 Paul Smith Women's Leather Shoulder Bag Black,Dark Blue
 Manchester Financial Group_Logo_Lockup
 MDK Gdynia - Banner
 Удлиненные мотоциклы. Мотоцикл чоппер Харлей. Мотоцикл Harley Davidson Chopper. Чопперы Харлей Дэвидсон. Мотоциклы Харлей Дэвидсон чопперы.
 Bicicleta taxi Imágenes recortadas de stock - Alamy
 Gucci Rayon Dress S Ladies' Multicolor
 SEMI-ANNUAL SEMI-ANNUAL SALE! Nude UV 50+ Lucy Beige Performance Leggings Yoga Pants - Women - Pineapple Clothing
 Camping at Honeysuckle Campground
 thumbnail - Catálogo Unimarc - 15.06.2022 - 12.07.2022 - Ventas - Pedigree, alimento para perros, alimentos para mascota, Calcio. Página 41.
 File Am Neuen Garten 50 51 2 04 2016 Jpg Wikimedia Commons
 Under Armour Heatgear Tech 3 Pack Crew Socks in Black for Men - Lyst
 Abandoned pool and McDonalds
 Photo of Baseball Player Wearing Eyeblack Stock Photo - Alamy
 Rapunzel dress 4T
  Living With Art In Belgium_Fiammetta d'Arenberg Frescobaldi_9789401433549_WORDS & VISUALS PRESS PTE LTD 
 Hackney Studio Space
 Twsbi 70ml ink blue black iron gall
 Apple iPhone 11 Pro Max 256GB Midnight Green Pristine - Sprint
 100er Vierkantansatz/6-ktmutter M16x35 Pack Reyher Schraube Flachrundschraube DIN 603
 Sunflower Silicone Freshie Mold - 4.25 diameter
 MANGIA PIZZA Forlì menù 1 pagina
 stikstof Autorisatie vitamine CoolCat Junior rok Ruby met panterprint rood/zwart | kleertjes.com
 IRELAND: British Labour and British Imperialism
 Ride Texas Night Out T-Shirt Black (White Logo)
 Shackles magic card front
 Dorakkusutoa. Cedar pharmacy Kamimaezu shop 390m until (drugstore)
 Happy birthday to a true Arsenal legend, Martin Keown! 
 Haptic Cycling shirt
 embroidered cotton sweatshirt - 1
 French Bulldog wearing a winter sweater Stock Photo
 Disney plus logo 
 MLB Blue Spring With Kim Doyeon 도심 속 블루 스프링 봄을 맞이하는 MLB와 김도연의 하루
============
▶ [Work request]: Among the lines above, list those that contain the word "Pack".

▶ [Response area]:
 Under Armour Heatgear Tech 3 Pack Crew Socks in Black for Men - Lyst
 100er Vierkantansatz/6-ktmutter M16x35 Pack Reyher Schraube Flachrundschraube DIN 603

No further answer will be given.